Does late spring raise the flood risk?

Historic flood crest.JPG

The Red River flood this year might just break a record as the latest major spring flood in history.

Historical flood data for Fargo-Moorhead shows there’ve been 15 floods when water was above the 30 foot level. Thirty feet is considered major flood stage.

The latest the river has reached a flood crest is April 19th, 1979.

The destructive flood of 1997 reached its peak on April 18th. (There have been a couple of June and July flood crests unrelated to spring flooding)

The U.S. Geological Survey and the National Weather Service both issued advisories this week that spring flooding is likely to be delayed beyond April 15th.

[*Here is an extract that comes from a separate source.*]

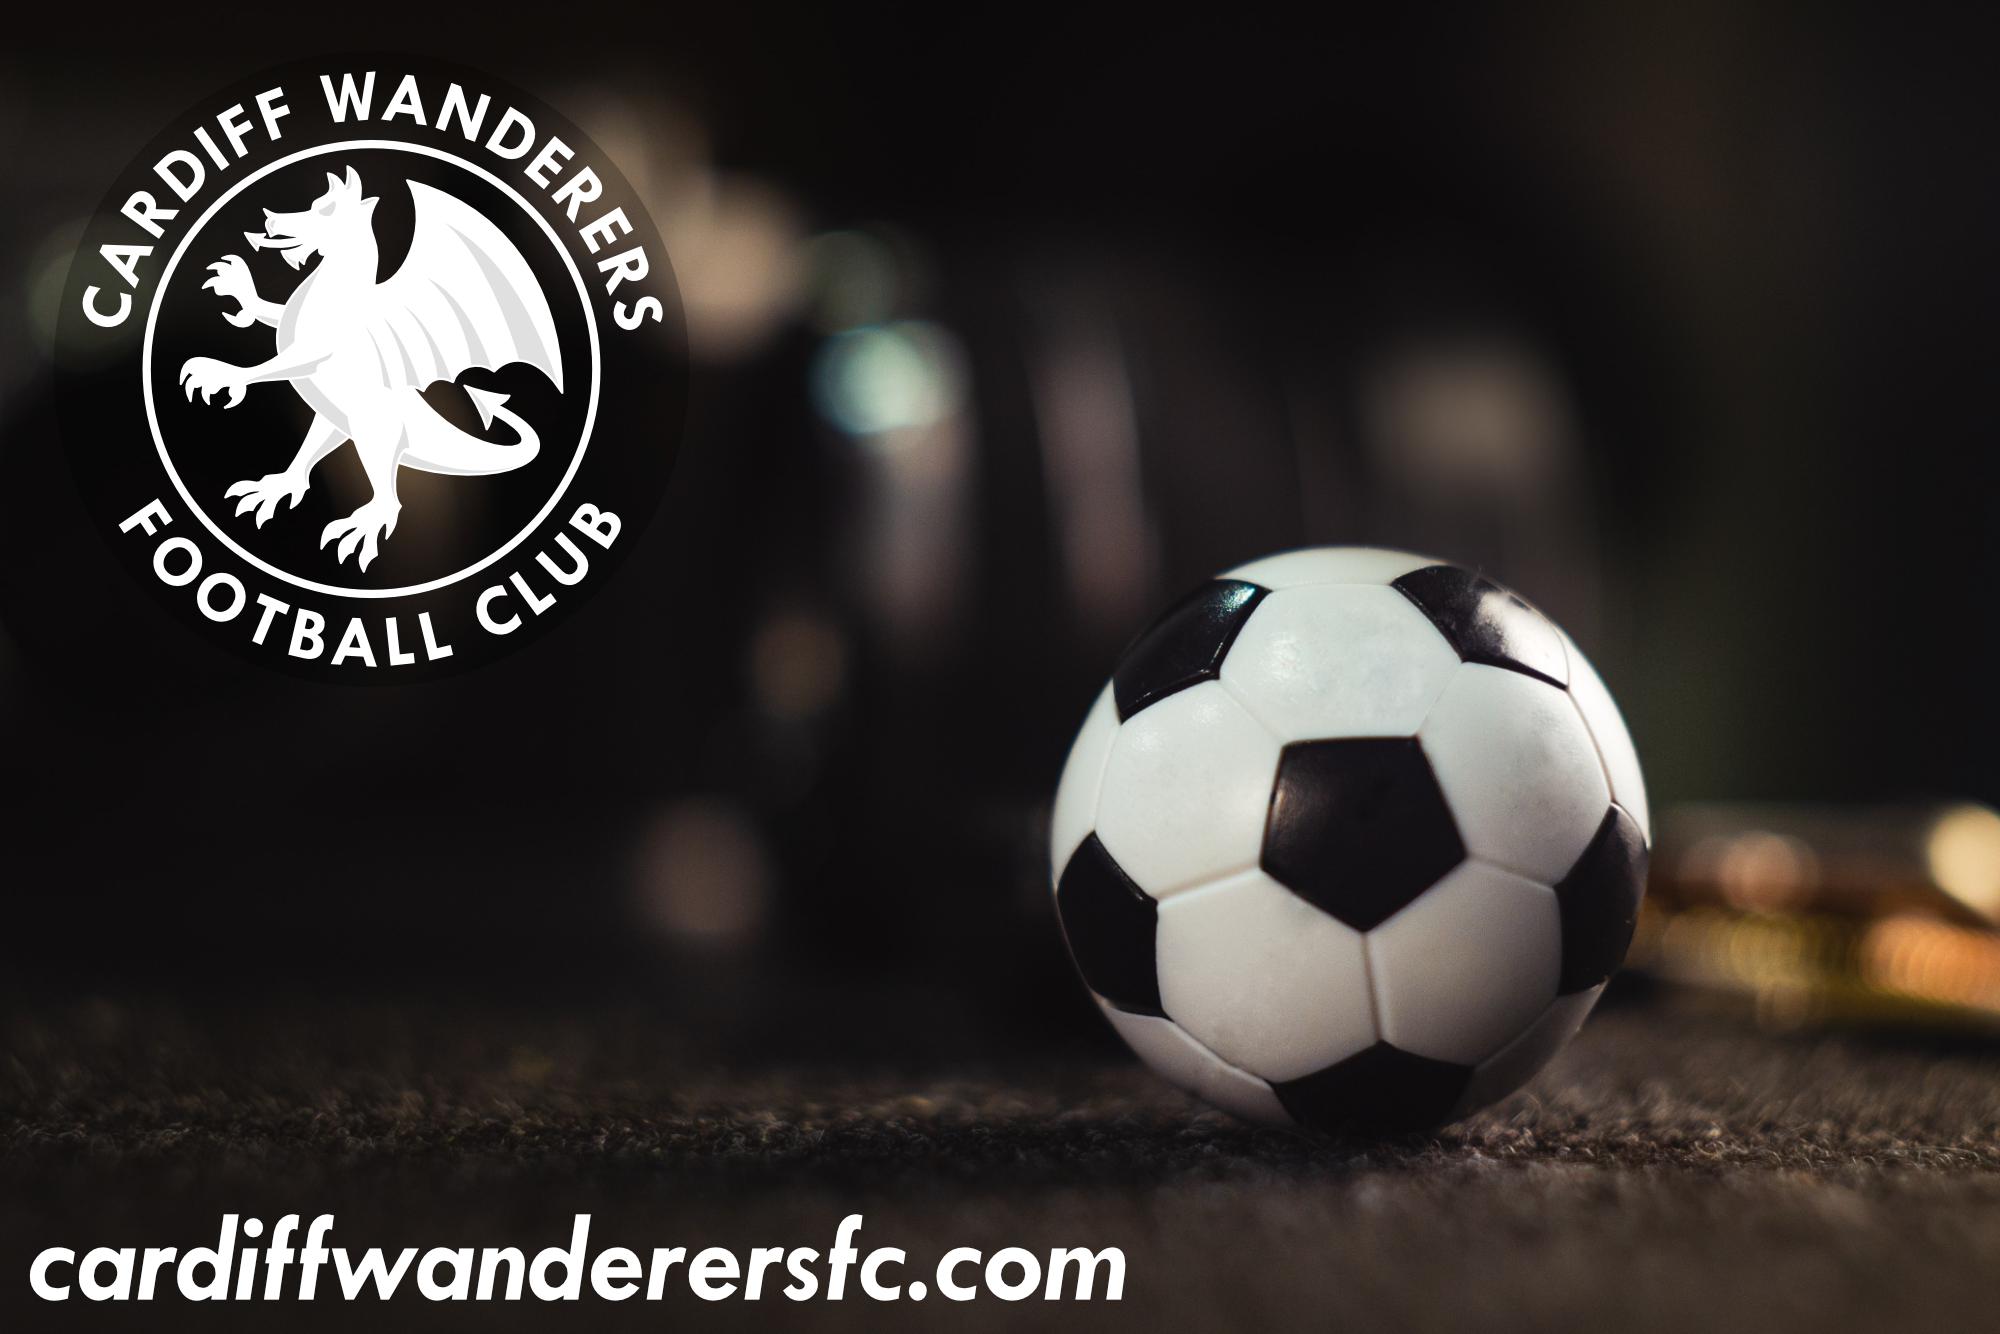 Cardiff Wanderers Football Club banner

The NWS says the jet stream is keeping warm air south of the Red River Valley, delaying the snow melt.

According to the NWS, data for Fargo show that March 2013 was the sixth coldest since hydrological observations began in 1900.

The NWS ranked the month of March as the 14th coldest average temperature, the 12th snowiest, and the 11th wettest (including rain and melted snow) for Fargo.

This year also had the deepest average snow depth for the last day of March since weather records began in Fargo in the mid-1880s.

Below normal temperatures are expected to continue into mid April. That will bring a slow snow melt which could reduce flood risk.

On the other hand, forecasters say a change in the weather pattern expected the second half of April will bring an increased risk of significant rainfall.

A two inch rain on top of melting snow could quickly change the flood outlook.